As to Top Gun’s return, Kummar thinks it’s a smart move by Paramount, one that should result in a profitable run, but nothing close to what the film did in 1986, when it was the top grossing movie with worldwide sales of nearly $354 million.

Good for the Region

Rob Dunson, president of the San Diego Film Commission, which worked with the film makers, was happy to hear about the re-release, which shows the city in a positive light.

“Anytime we can be connected to a positive and long-lasting entertainment as ‘Top Gun,’ it’s a great thing,” Dunson said. “It was a fabulous film when it was first created.”

He ranked Top Gun as the No. 1 movie associated with San Diego County, followed closely by “Some Like It Hot,” which was filmed partly at the Hotel del Coronado.

A business that stands to benefit from Top Gun’s return is Kansas City Barbeque, where a few scenes were shot. The restaurant continues to display a piano shown in the film and photos from the movie.

Martin Blair, who owns the downtown San Diego restaurant with his wife, Cindy, said it was a stroke of luck that landed his eatery in the movie. The crew was filming at Seaport Village and the location director came in and had a beer, and liked the bar’s interior. The movie was originally looking at doing the scene at a Del Mar bar.

“Their loss was our gain, I guess,” Blair said.

While Legend 3D maintained a silence around the pending release of “Top Gun,” the company founded in 2001 was in a rapid growth mode for much of the past two years as it took on a variety of conversion projects from the major studios.

Multimillion-Dollar Upgrades

In an email sent Sept. 14, Sandrew said the business invested “millions of dollars in R&D when preparing for ‘Transformers: Dark of the Moon.’ ” The upgrades in the form of a new suite of conversion tools gives Legend 3D a competitive edge in getting more work, Sandrew said.

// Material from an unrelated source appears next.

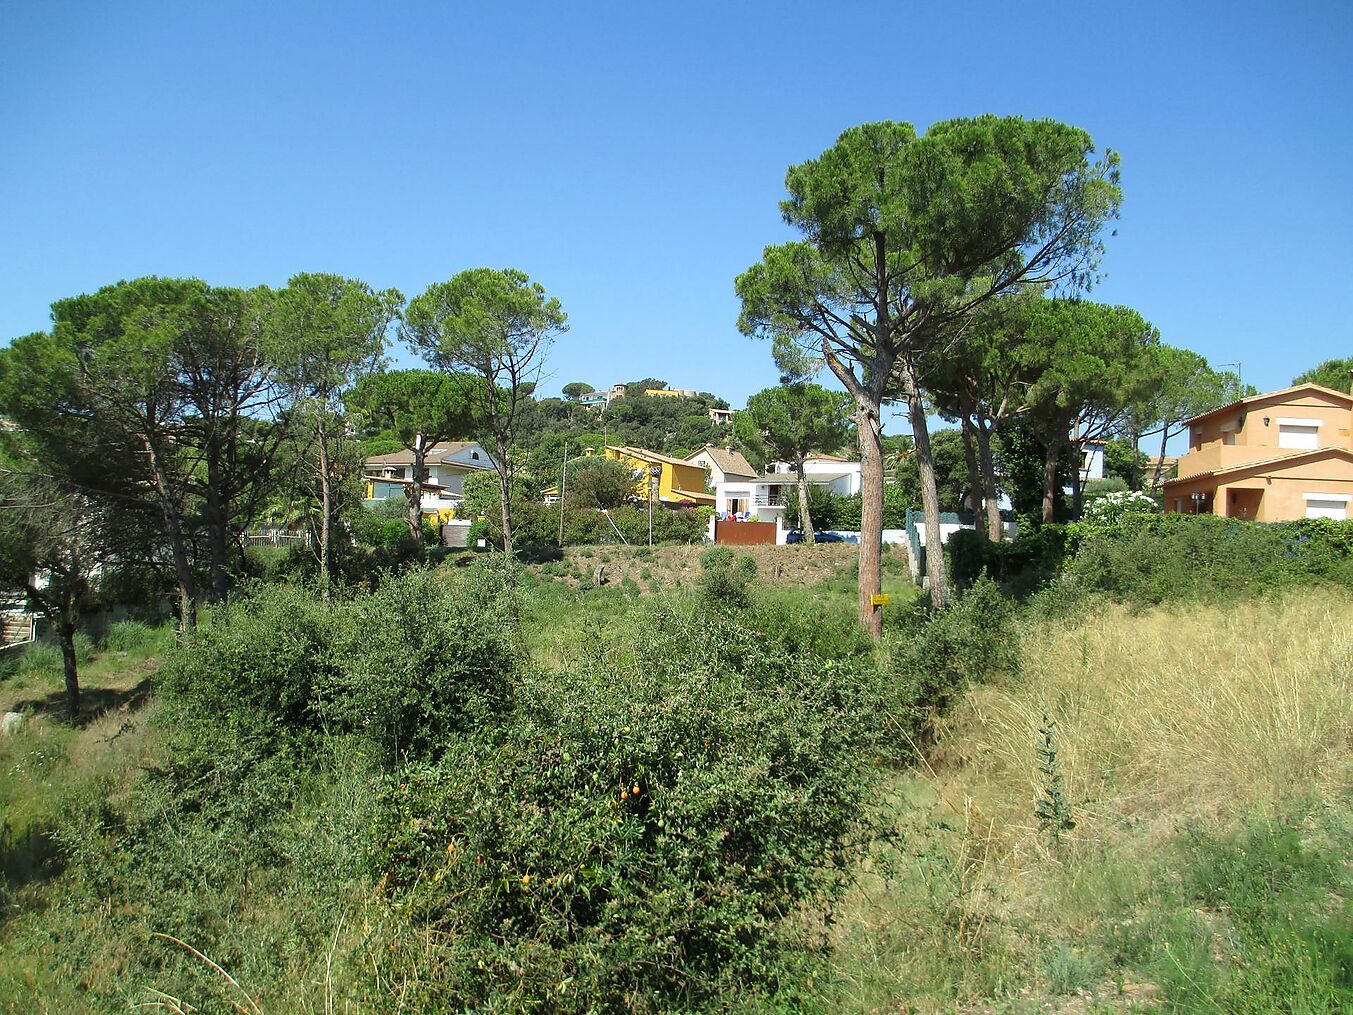 Plot of land in a lovely residential urbanisation between Playa de Aro and Calonge
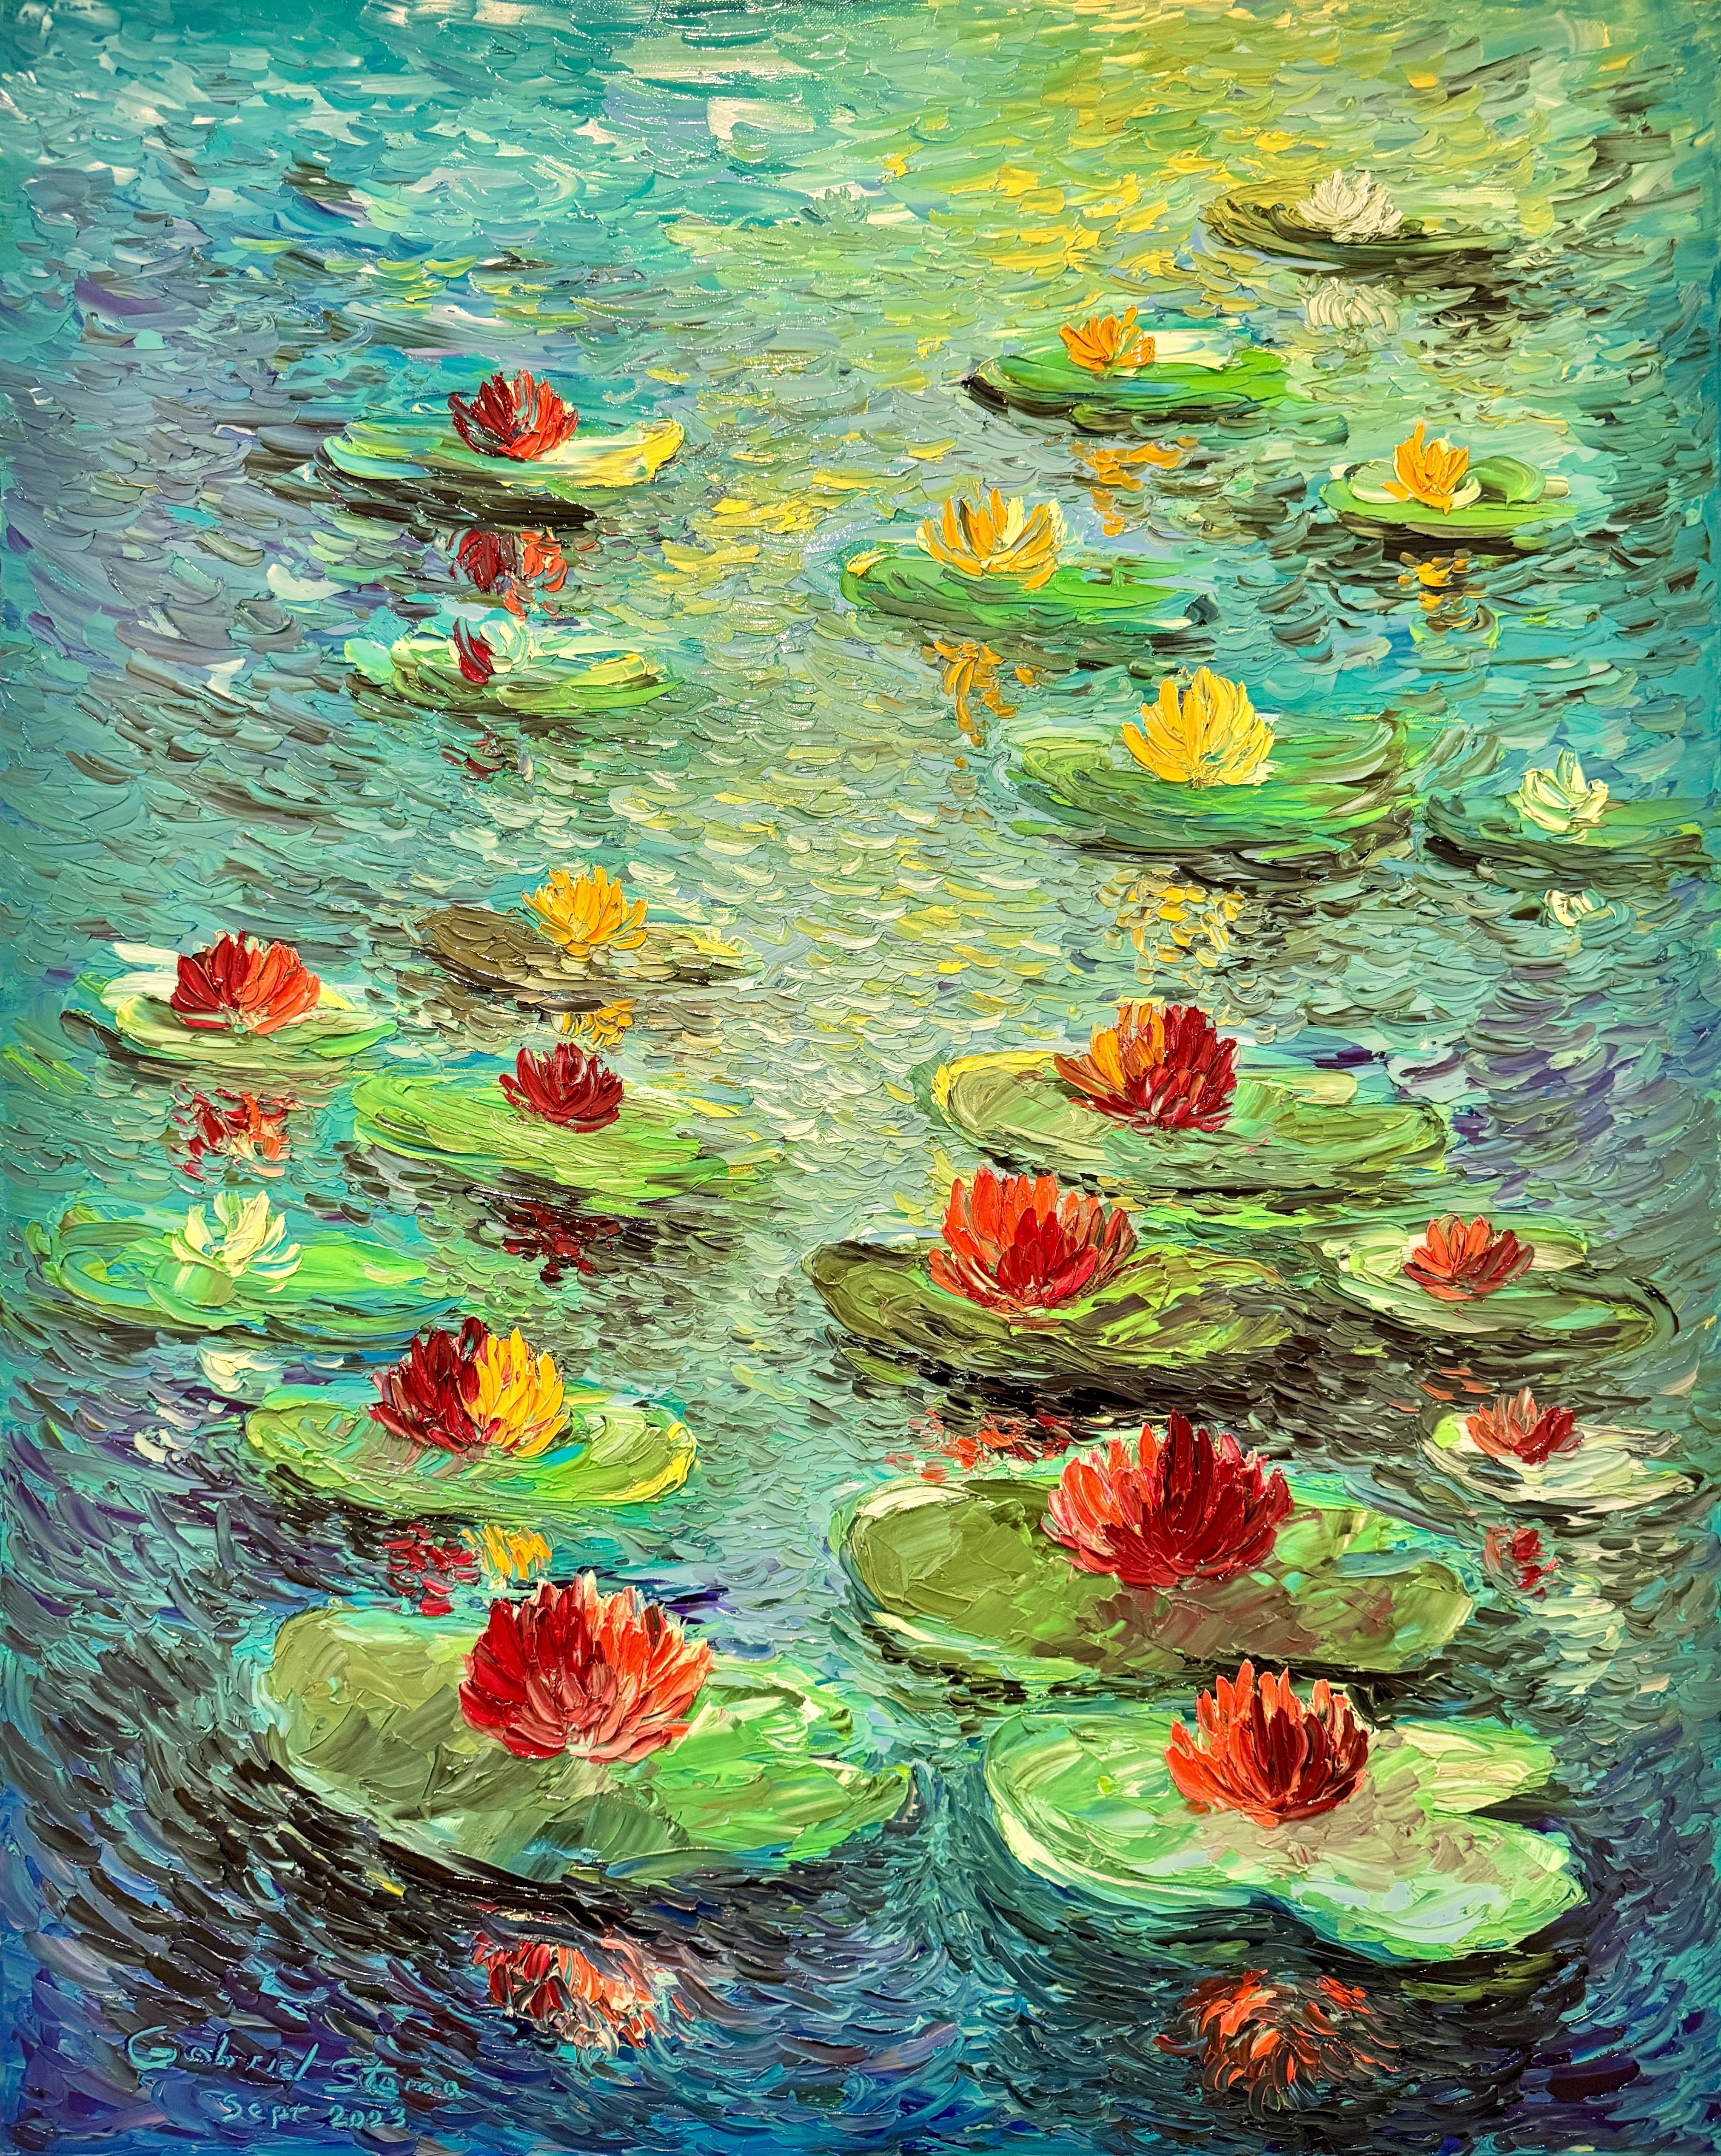 Gabriel Stama Figurative Painting - "Water Lilies", Large Oil Painting On Canvas, Petrino Style Artwork, Signed

Other big productions that Legend has worked on include “Alice in Wonderland,” “Conan the Barbarian,” all of the “Shrek” movies, “The Green Lantern,” and “The Pirates of the Caribbean: on Stranger Tides.”

The 3-D conversion work entails painstaking, detailed changes to images, with some of the more mundane and formulaic work being farmed out to Legend’s satellite production plant in Patna, India, where it now has about 350 workers.

At one point this year, Legend had about 1,000 employees, but it has gone through several layoffs this year that reduced the total workforce to about 650, including some 300 at its local headquarters, according to the company. The firm doesn’t reveal revenue or profits, but Sandrew said earlier this year that its 2010 revenue was 400 percent above what it was in 2009.